12 ) Yehuda Solomon / Israel
13/12/2012 03:23
style, secular constitution guaranteeing equal rights for all. So, rationally, logically and sensibly, we should end up being (at least politically) a United States of the Mideast, right ??? (What should we then call ourselves ??? ... Israelestine ???). So THAT'S our problem.

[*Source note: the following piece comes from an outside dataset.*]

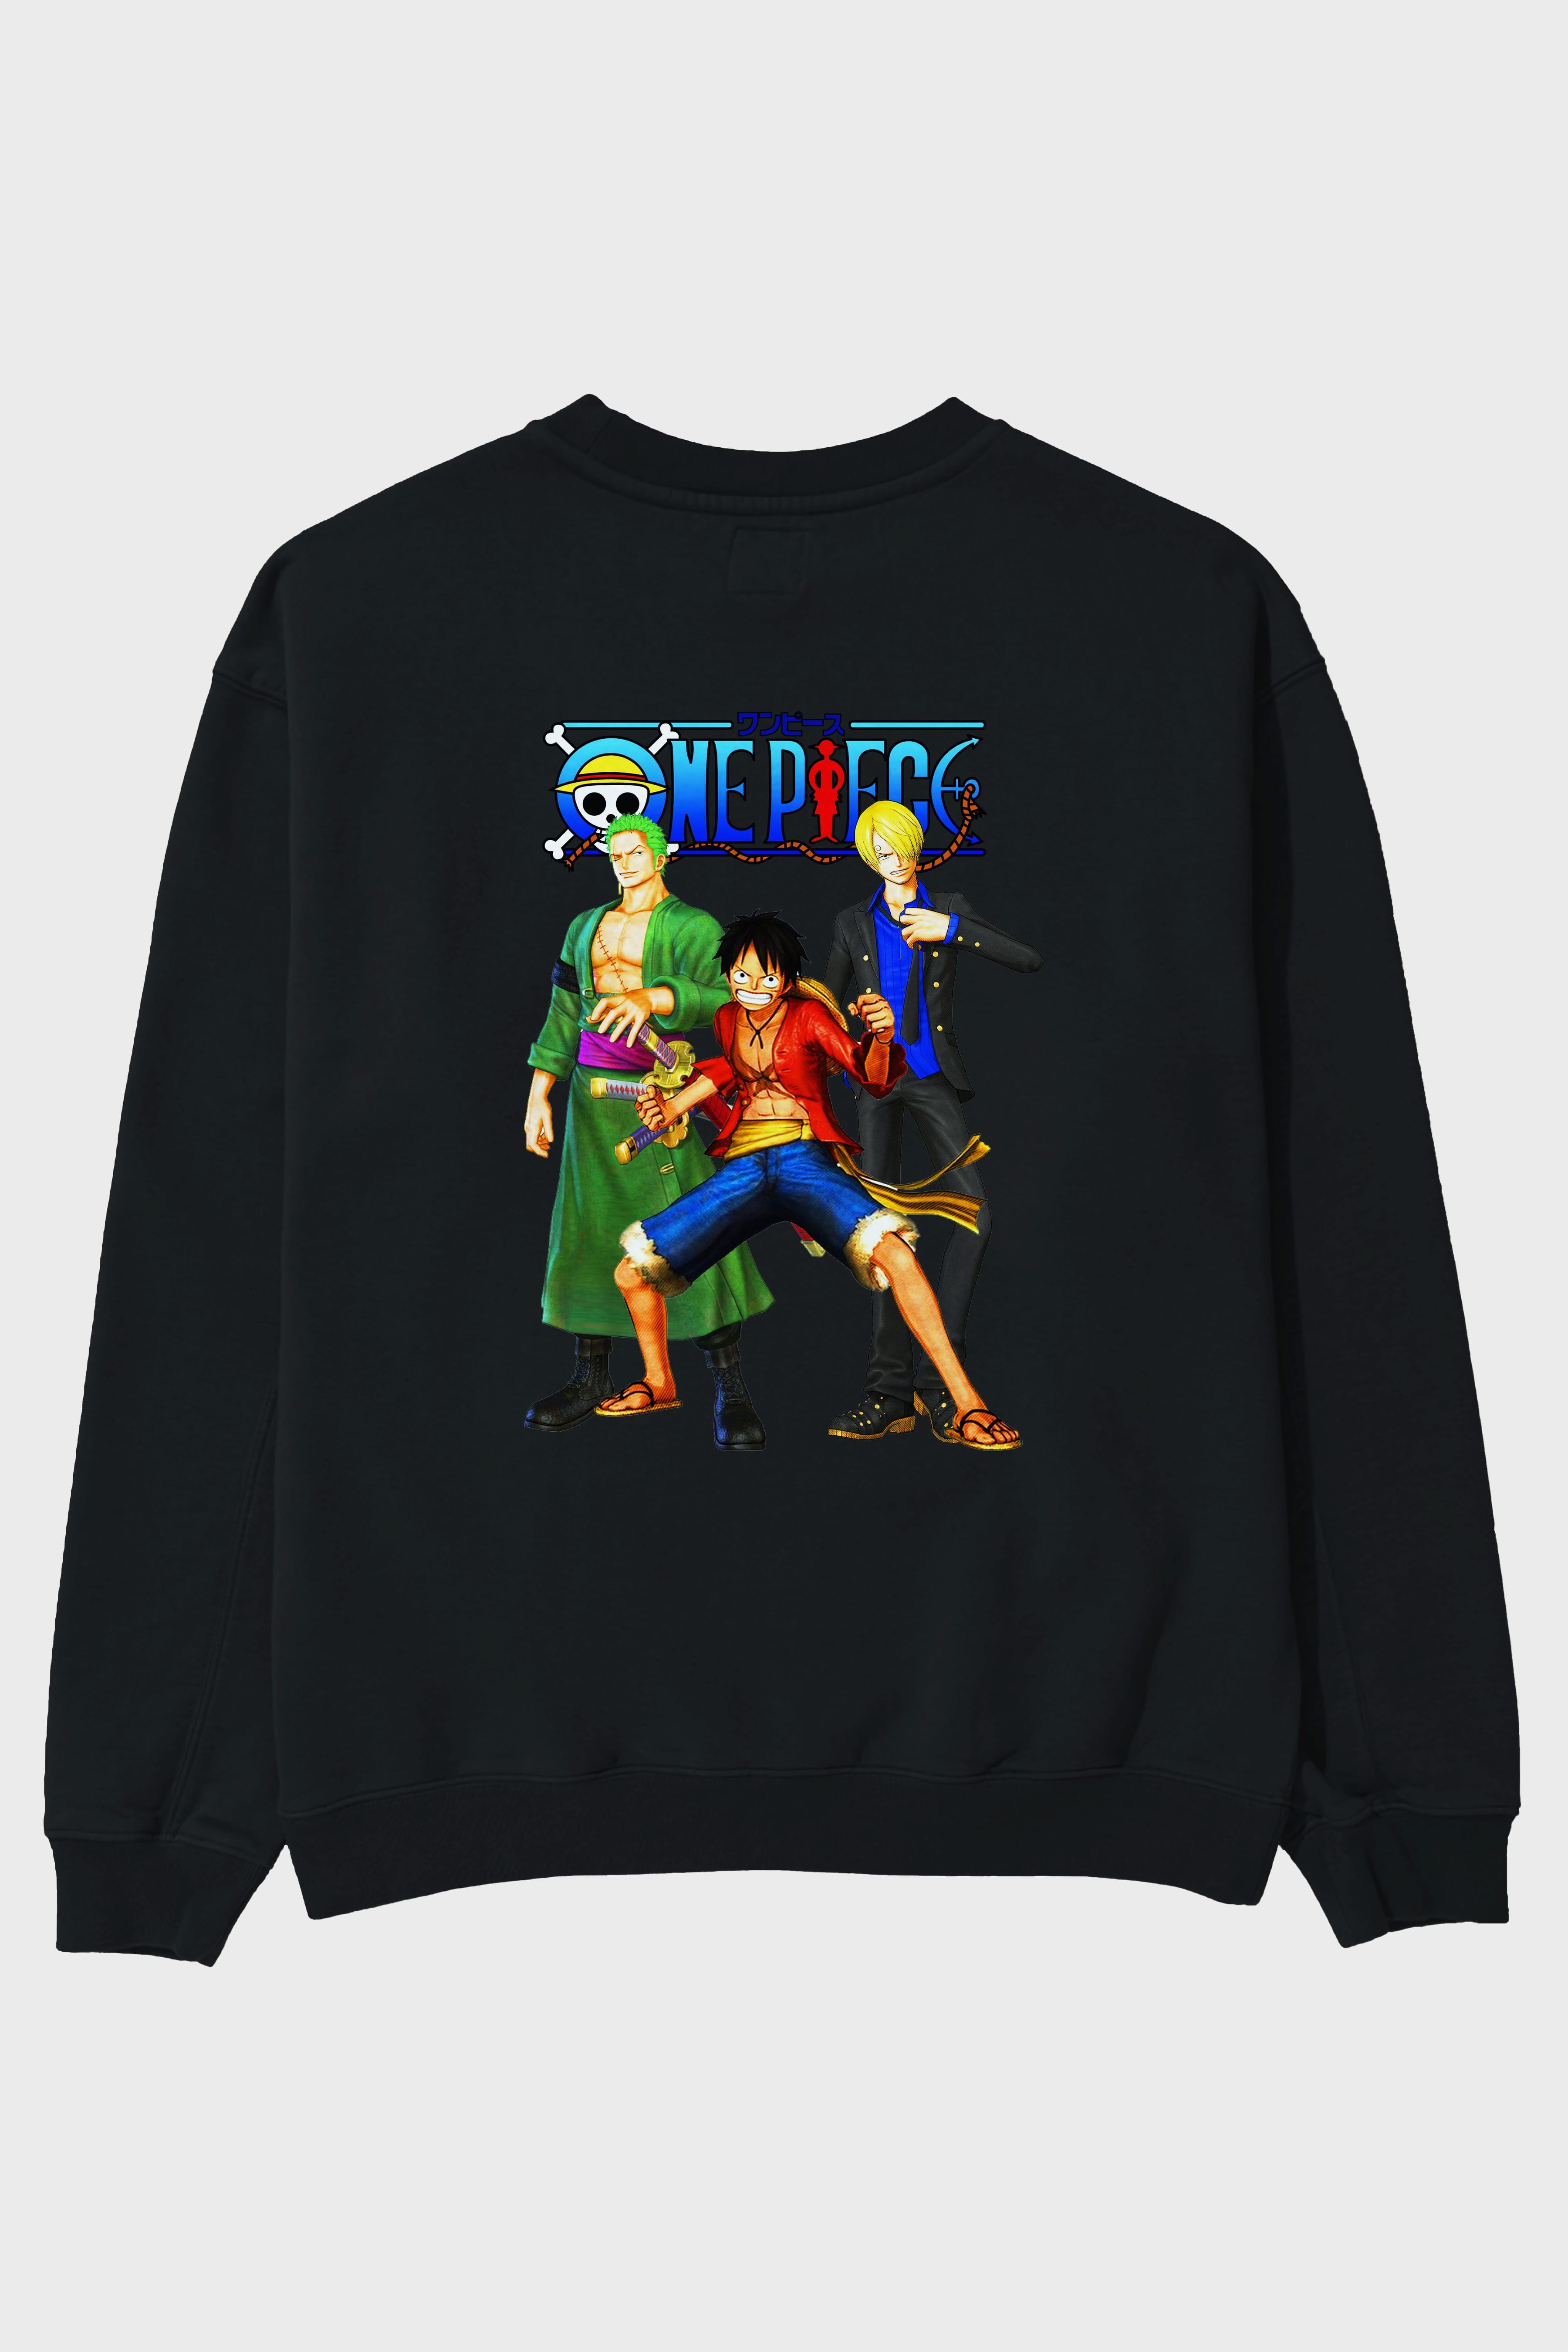 Luffy Sanji Zoro Arka Baskılı Anime Oversize Sweatshirt Erkek Kadın Unisex

We're just too damn IRrational, ILlogical and NONsensible or else this whole damn problem could be solved in 5 minutes, right ??? (I am being sincere here, NOT sarcastic.) Yes, that IS the truth. @ 10), Too (cont.)

13 ) Yehuda Solomon / Israel
13/12/2012 03:24
late for what ??? For Palestinian population growth to overwhelm us so we end up begging for the 1967 borders to go back to ??? ... and, failing that, then beg for the 1947 U.N. Partition Plan borders ??? ... I know you've read them, so haven't you learned a damn thing from ANY of my posts why (despite ANY Palestinian population growth west of that Jordan River) none of that camel crap will ever happen ??? ... Ramzy, EXCELLENT essay but here's the answer to your title: a FAILED strategy.

14 ) Broigas / Denmark
13/12/2012 10:17
Even if the Jewish State of Israel no longer existed. The divisive Arabs will still be killing each other.

15 ) Colin Wright / USA
15/12/2012 21:43
Anyway, Haaretz reports that 40% of all Israelis would leave if only they could. Aside from what this does to the Zionist argument, it makes the road clear. Just help the Jews to leave, and peace will come to the Middle East.

16 ) Yehuda Solomon / Israel
17/12/2012 21:07
@ 15), Really ??? ... So what ??? ... So let's go even further. Let's assume they WOULD go. Guess what ??? That would mean the rest of us (those who'd definitely remain) would wish 'em "Good Luck !!!" and tell 'em don't let the door kick 'em in their yored (Hebrew for leaving, going out, of Israel .. it's the opposite of aliyah, which means entering, going up, to Israel) ass on the way out. Hell, it just might make our job of Israelites like myself a whole lot easier.